Describe your music for our readers who may not be familiar with you.
If you listen to only one song from my album, you will probably get the wrong idea of my music. If I have to put it into words, I can say that it's based on the song first of all and what feeling/idea went behind the song when I wrote it. Real life and humans are what inspire my writing. Because the life circumstances and our mood/state of mind are very changeable, the music becomes somewhat eclectic and each song is different from another. However, the instrumentation, voice, musicians involved in producing/recording/playing pull it all together. Classic rock and art rock is what inspired me in the process of creating this album. That gives the listener a broad spectrum in terms of categorizing it.
Who are your musical influences and idols?
Pink Floyd, Queen, Nina Simone, Jeff Buckley, Radiohead.
What was the first album, cassette, or CD you bought with your own money?
That would be Fiona Apple's "When The Pawn..."
I love your voice and think it's one of the most unique I've ever heard. When and how did you first discover that you had such a distinctive voice?
Thank you. I remember one time I went to an audition that was held at a famous Russian music school and I performed a song in a very low key (which I didn't think was low). And the head of the vocal department pulled me aside and said that I should be her student and she also said that low voices like mine were very rare. There was also another occasion which I find a bit funny. My mom and I somehow ended up going to a laryngologist for the first time. She just looked at my vocal chords without even hearing me sing and she said that I had a rare voice.
What can listeners expect from your upcoming album, Infinity?
Those listeners who have heard my music before will probably hear a certain departure from what I used to sound like. I pre-produced the songs on my computer at home before I sent them to my really good friend Jeff Berner who played/recorded/produced this record with me. Then he and I sat down and talked about each song and how we wanted it to sound. He put in a great deal of his artistic vision into the record. Together we gathered different musicians from contrasting backgrounds (jazz, rock, pop) and had them contribute musically to the record while simultaneously fitting the vision that Jeff and I have created.
You can expect a lot of distortion on pretty much every instrument we used, guitars, some electronic elements, but mostly my commitment to writing music that is heartfelt.
You're originally from Moscow. Is it difficult to carve out a career as a musician in Russia?

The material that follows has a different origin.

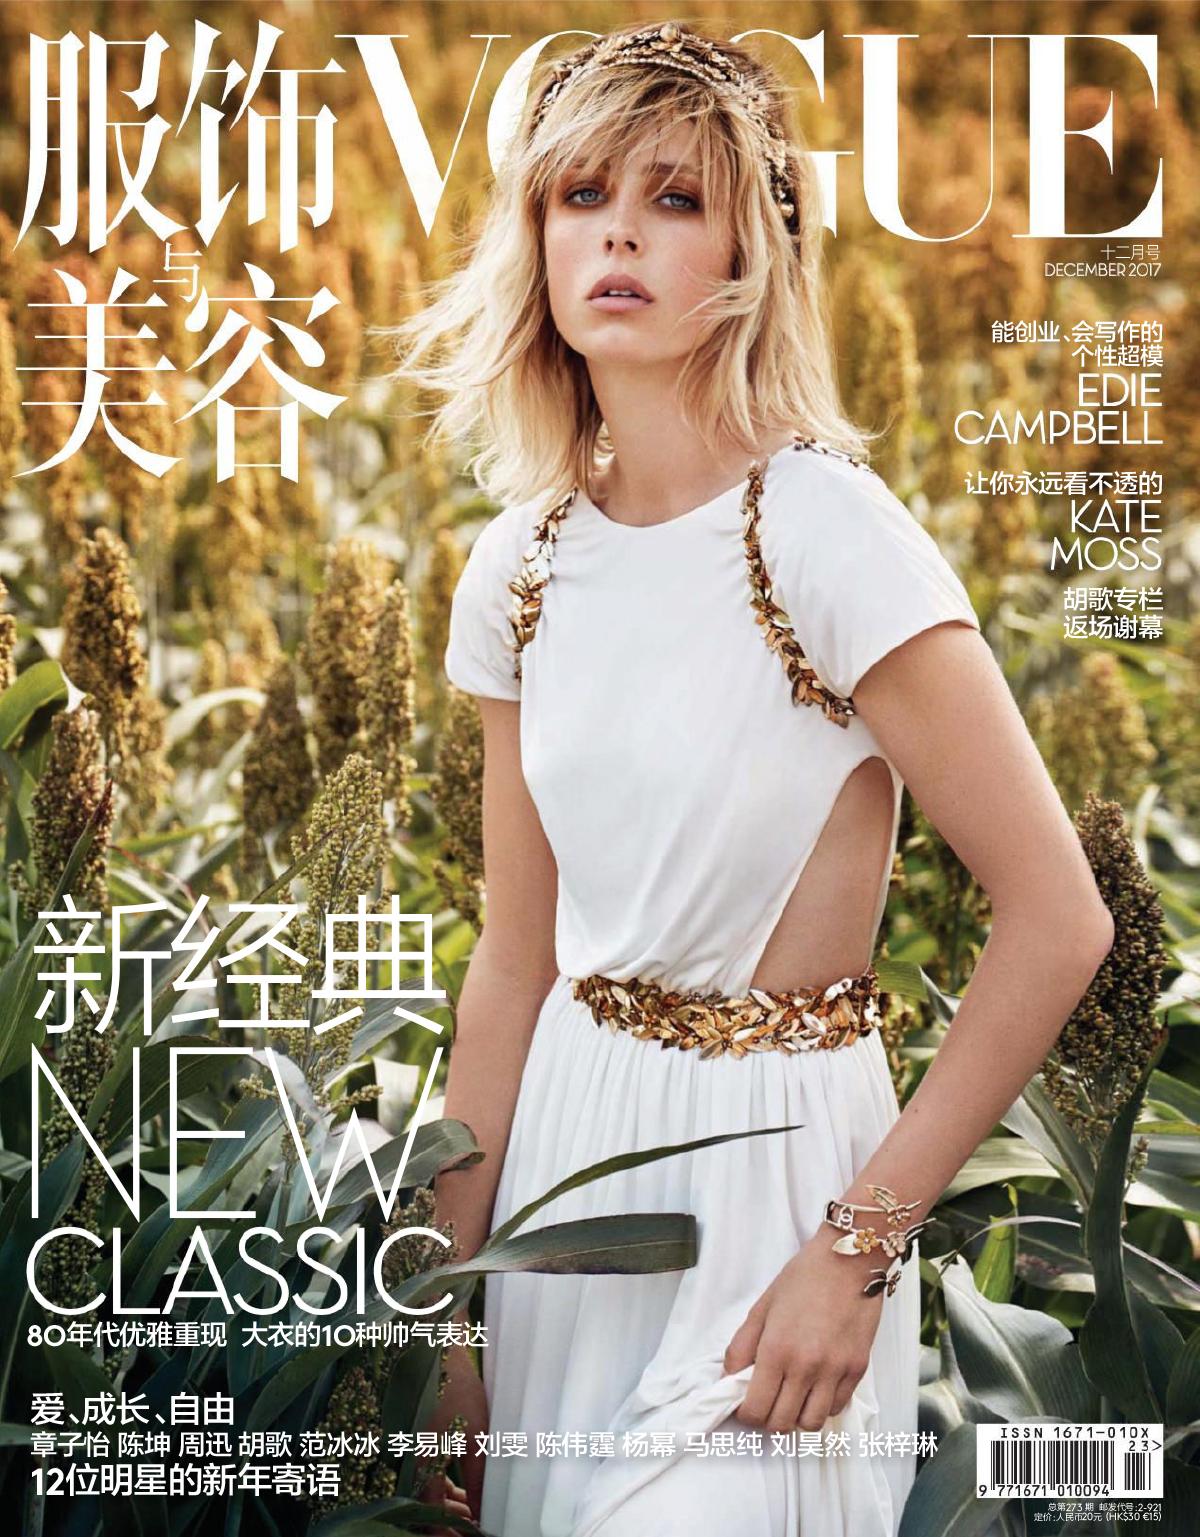 Edie-Campbell-Patrick-Demarchelier-Vogue-China-Dec-2017- (1).jpg

If you have an artistic vision that doesn't necessarily go with what is popular in Russia, it can be very hard. There are new independent artists making it happen though. So anything is possible, but it is very hard. It isn't easy to be a musician anywhere. If you know of a place where it is easy, let me know! I'll certainly pay them a visit.
You released what I felt was one of the best songs of the past holiday season, "Christmas At Home," and also covered "Jingle Bells" on a 2006 compilation album. What draws you to Christmas music?

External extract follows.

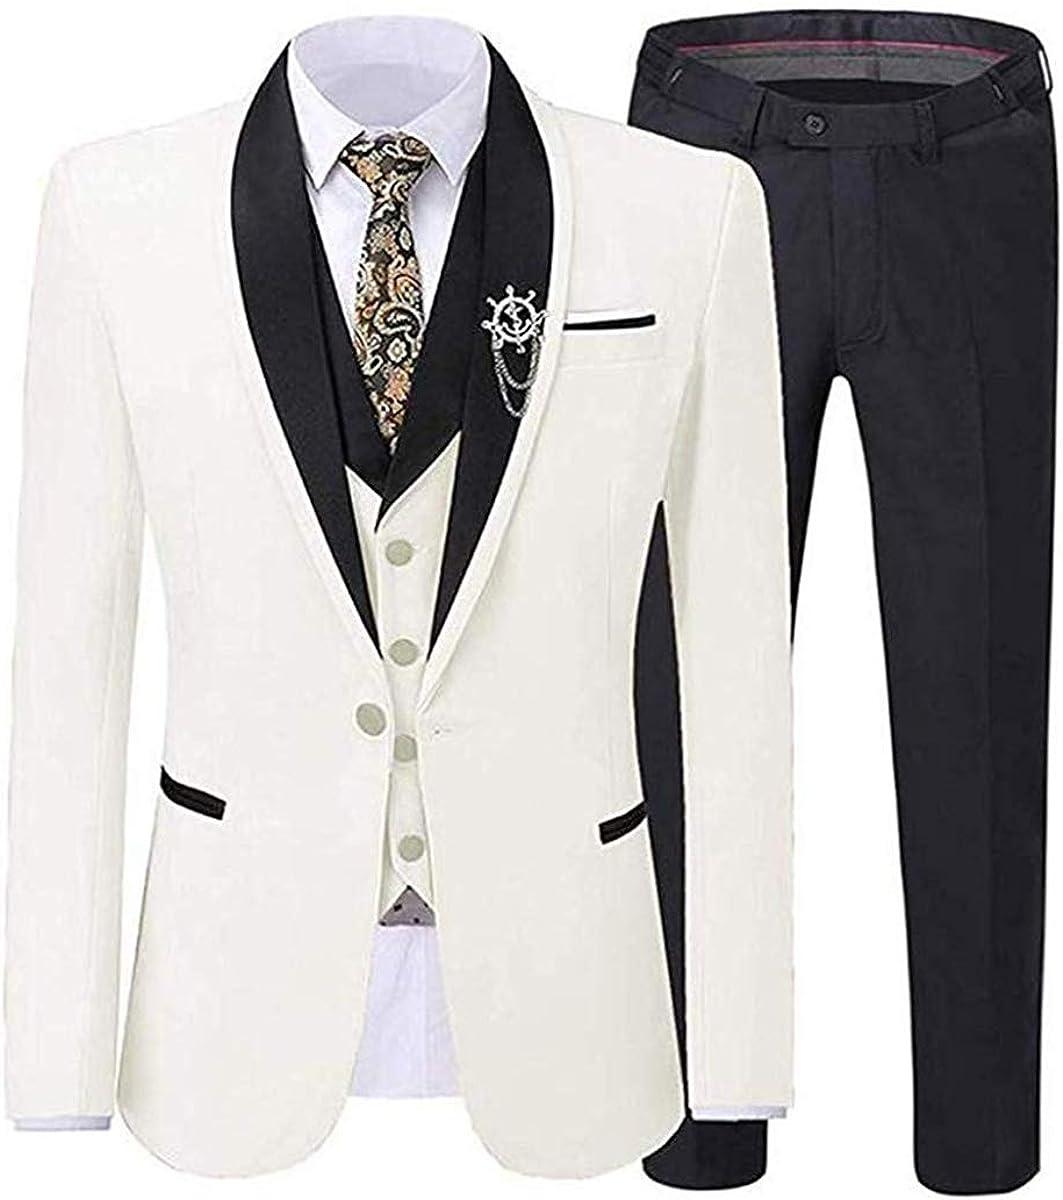 Wemaliyzd Men's 3 Piece Business Suit 1 Button Jacket Single Breated Vest Pants

Thank you! Christmas music is fun. The previous sentence could be a sarcastic statement as well. "Jingle Bells" was a pretty straightforward jazz interpretation though musically it was different (different meter, etc.) and it was just a pleasant experience to be a part of. "Christmas At Home" was my reaction to the happy and jolly way of writing Christmas music. First of all, not being sarcastic, there is a lot of beautiful Christmas music out there, and it is a great occasion to contribute to the list. However, you could also completely turn it all around and make it bitter. That, I think, is what makes it interesting.